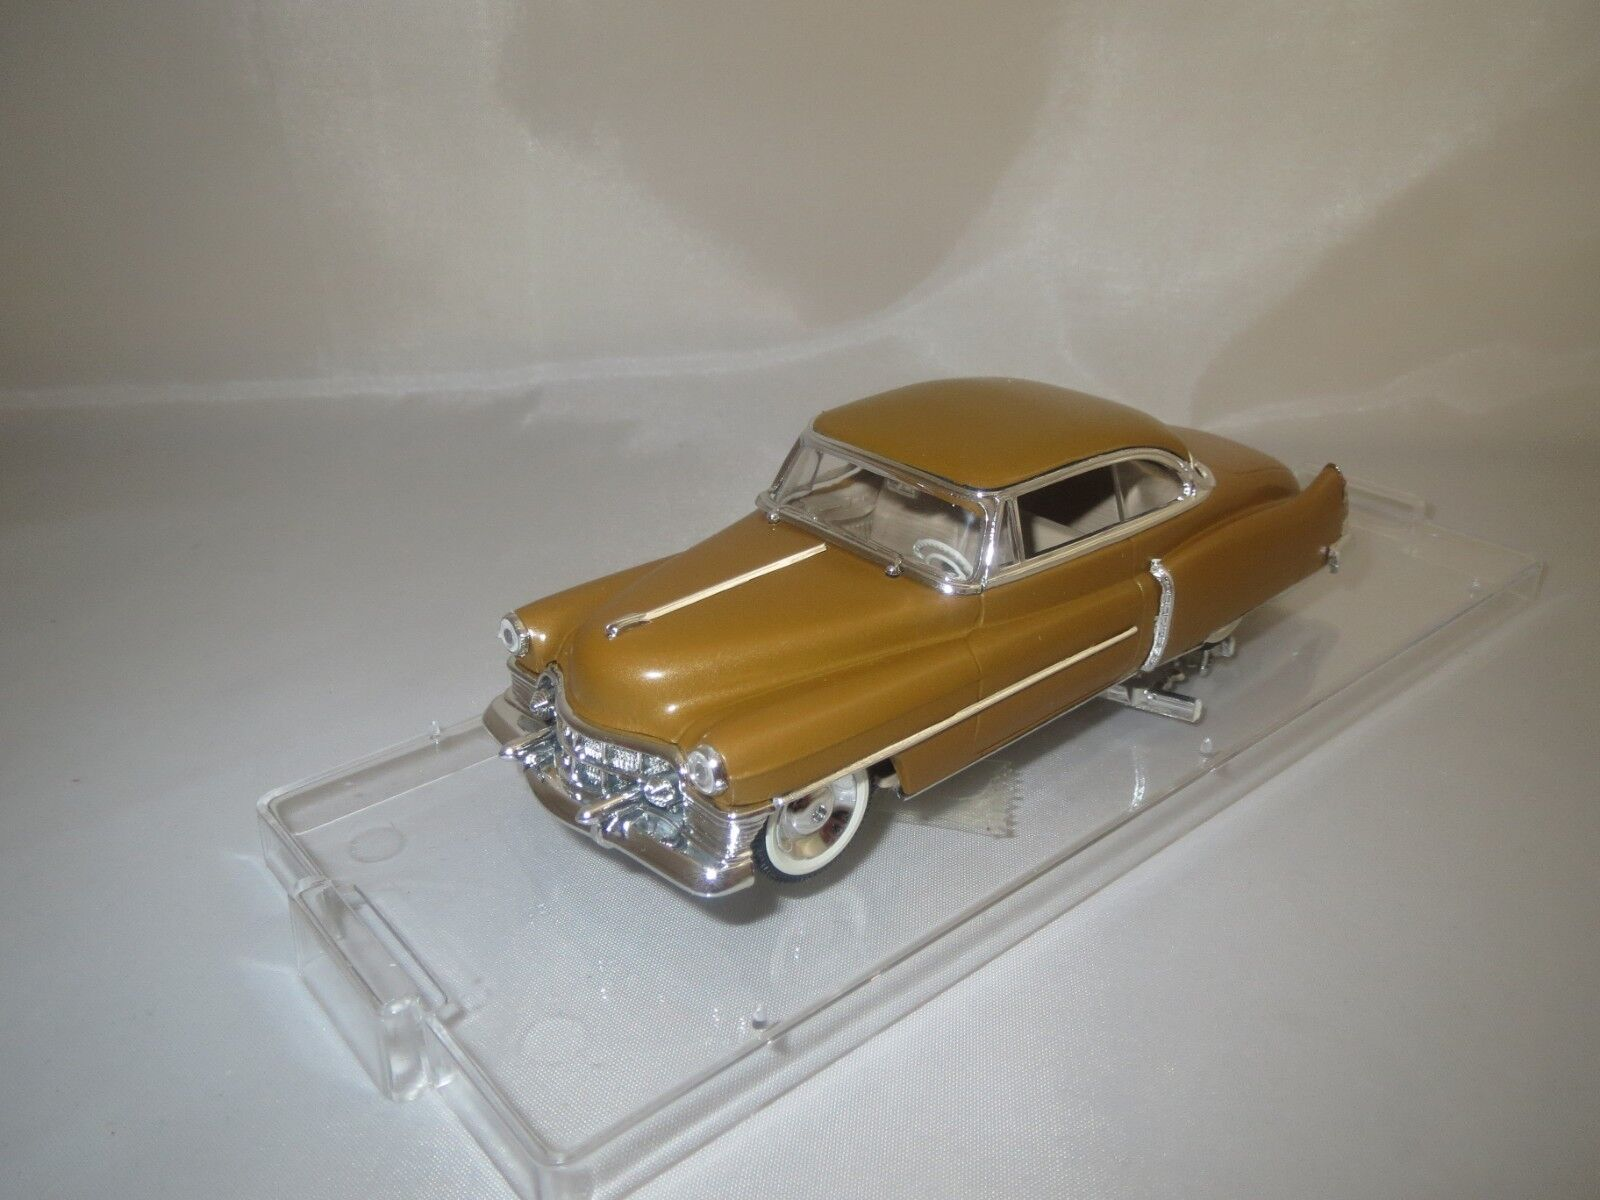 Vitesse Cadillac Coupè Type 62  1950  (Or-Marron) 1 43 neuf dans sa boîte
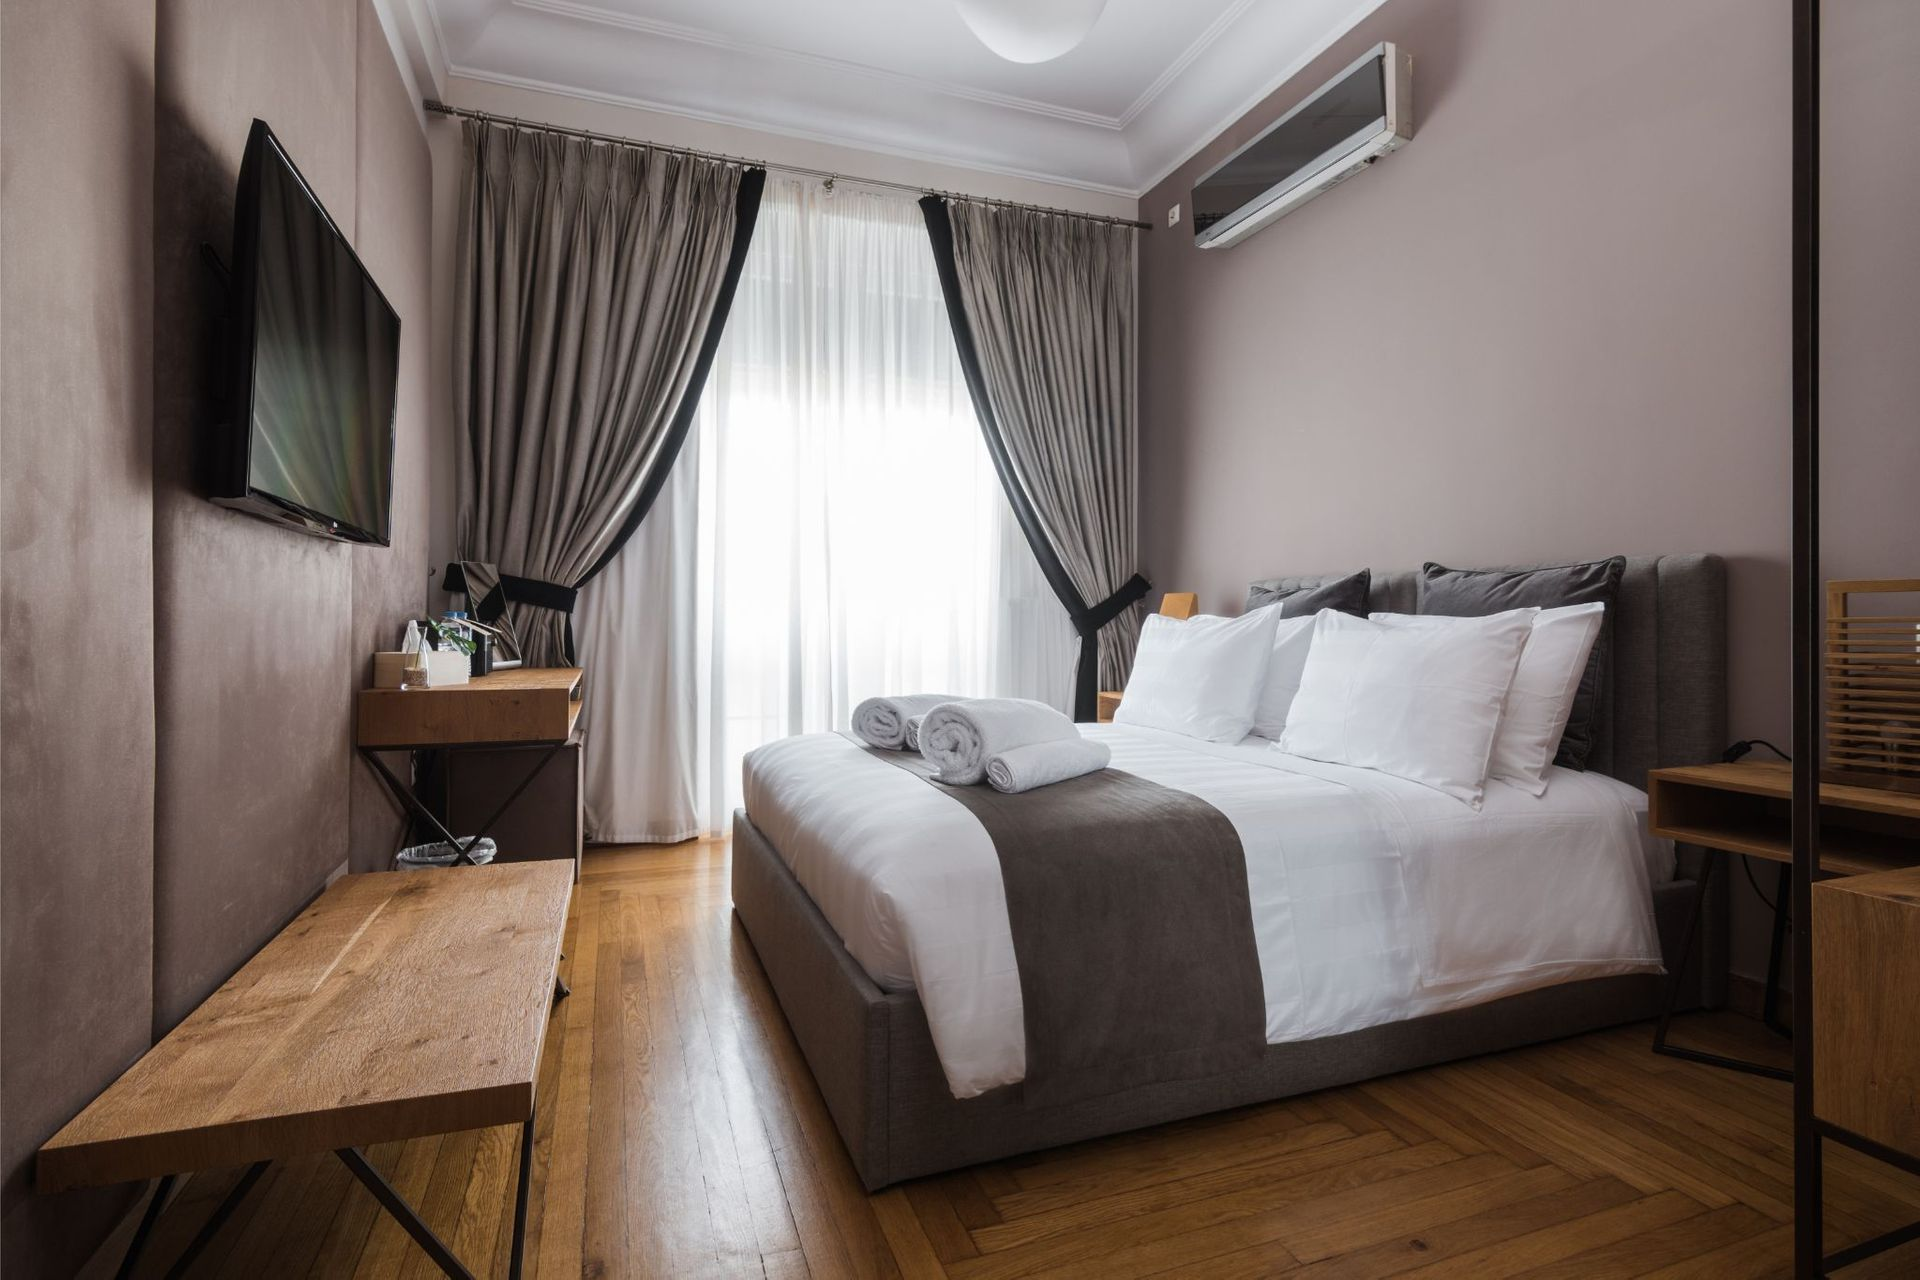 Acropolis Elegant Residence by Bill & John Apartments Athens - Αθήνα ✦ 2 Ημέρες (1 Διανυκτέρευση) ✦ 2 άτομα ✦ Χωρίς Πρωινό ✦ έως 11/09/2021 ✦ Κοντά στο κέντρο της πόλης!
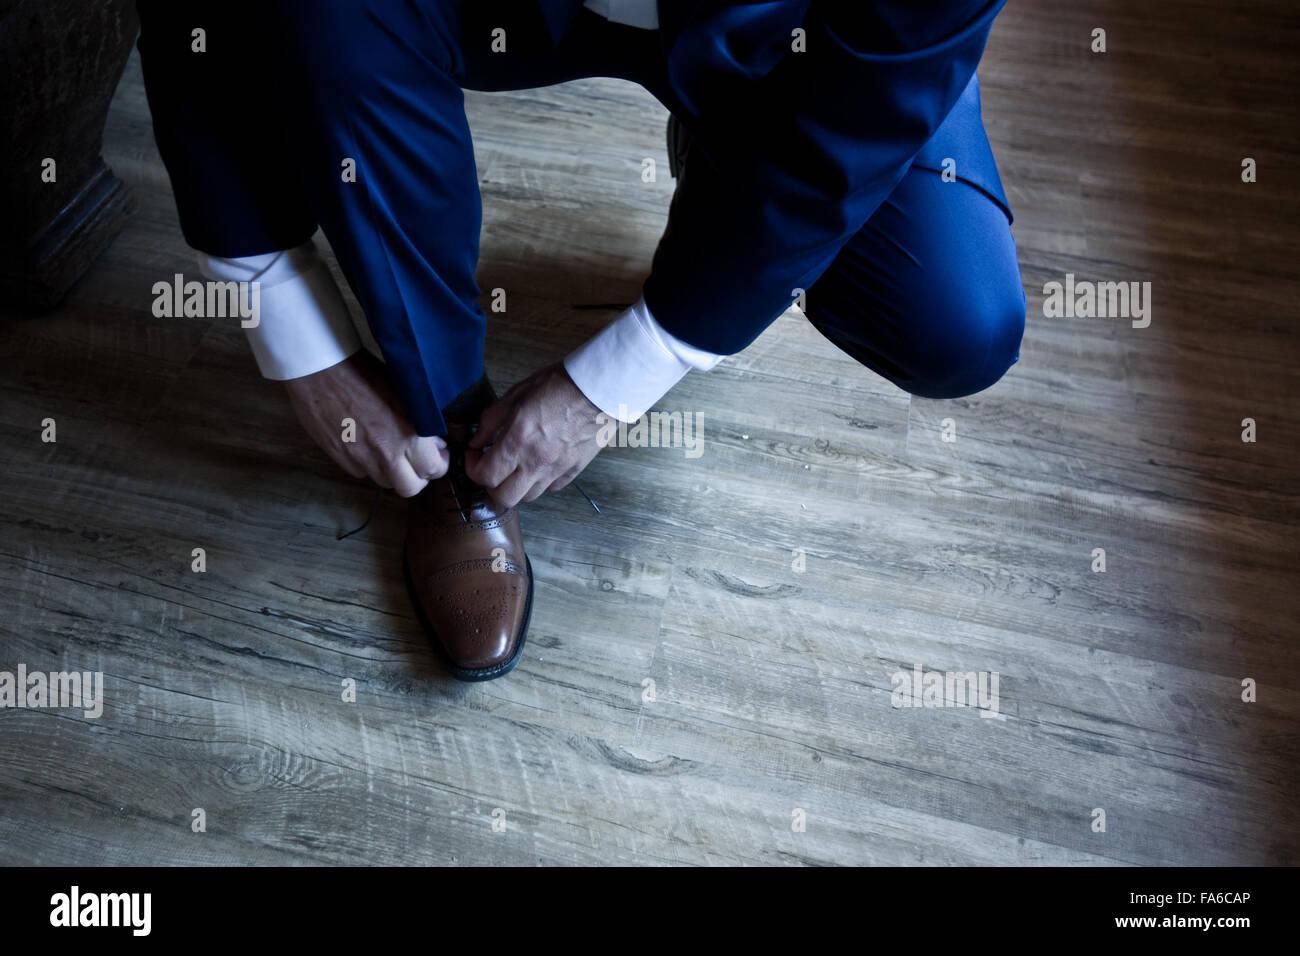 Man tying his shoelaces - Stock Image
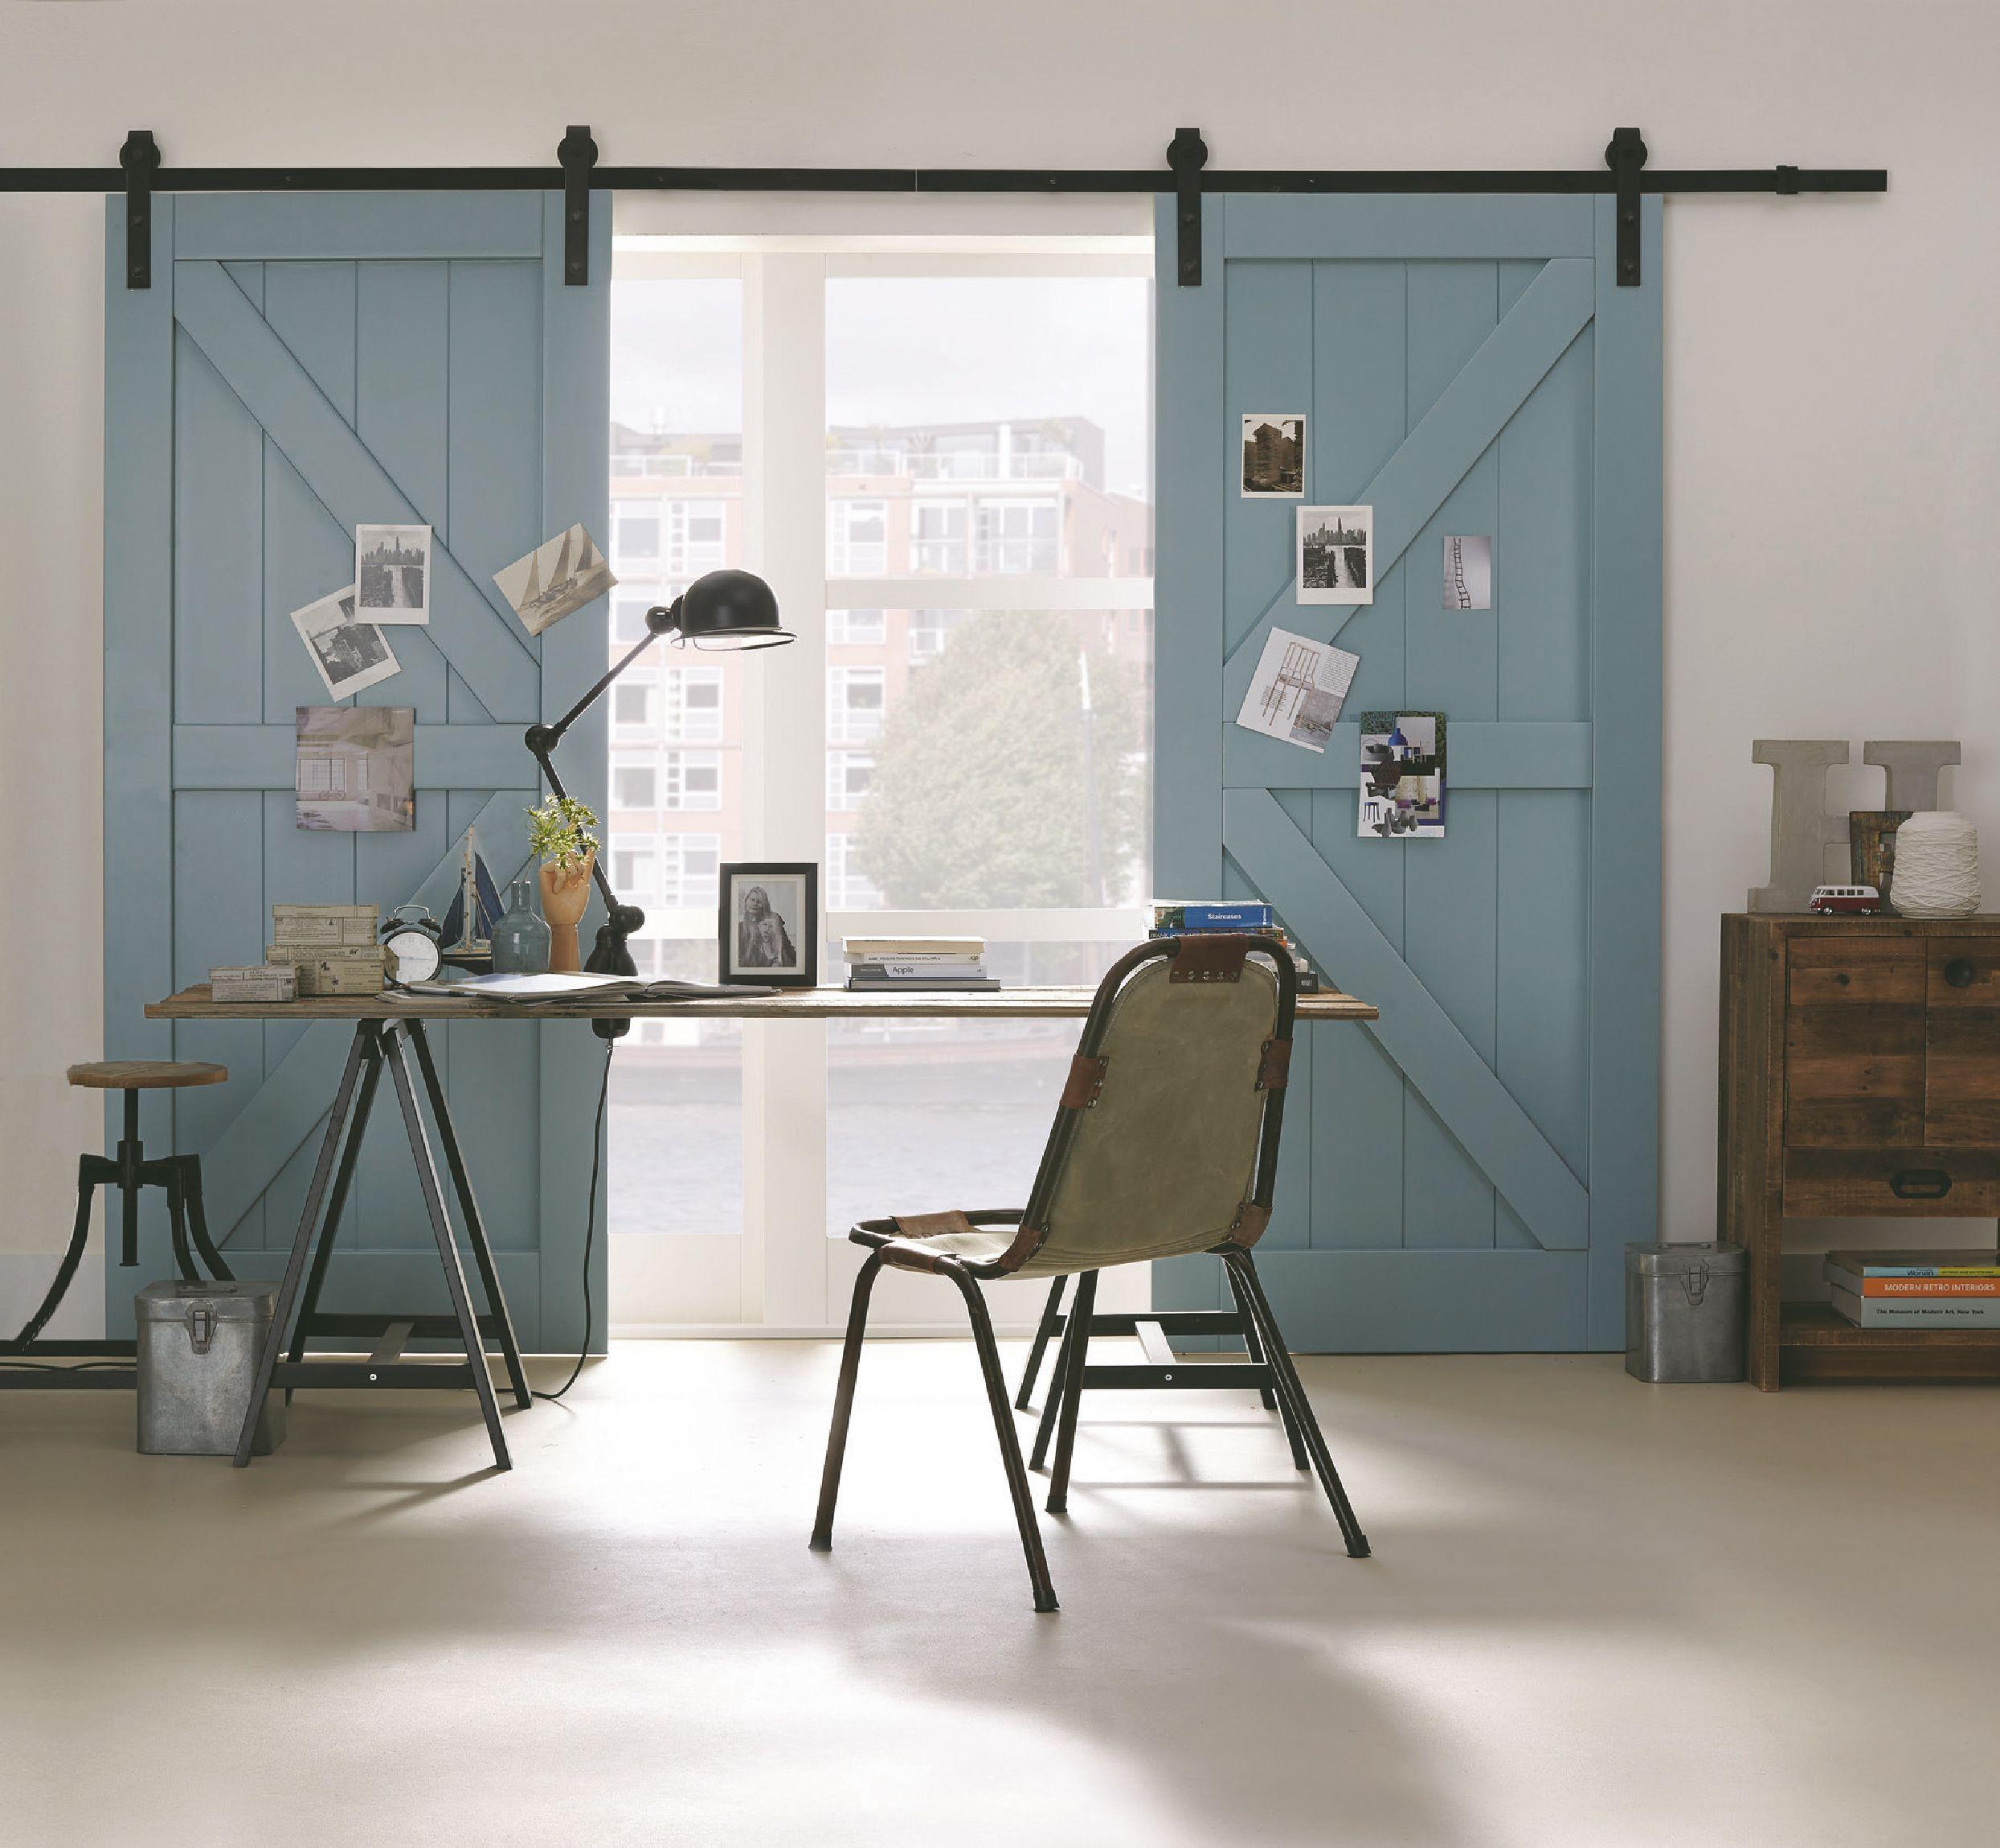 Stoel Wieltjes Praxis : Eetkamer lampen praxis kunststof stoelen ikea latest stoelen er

════════════════

EXERCISE →
After locating the line that holds "Acropolis Elegant Residence", output exactly the lines from it through the last line of the material above, inclusive, without pictures.

SOLUTION TO THE PROBLEM →
 Acropolis Elegant Residence by Bill & John Apartments Athens - Αθήνα ✦ 2 Ημέρες (1 Διανυκτέρευση) ✦ 2 άτομα ✦ Χωρίς Πρωινό ✦ έως 11/09/2021 ✦ Κοντά στο κέντρο της πόλης!
 Man tying his shoelaces - Stock Image
 Stoel Wieltjes Praxis : Eetkamer lampen praxis kunststof stoelen ikea latest stoelen er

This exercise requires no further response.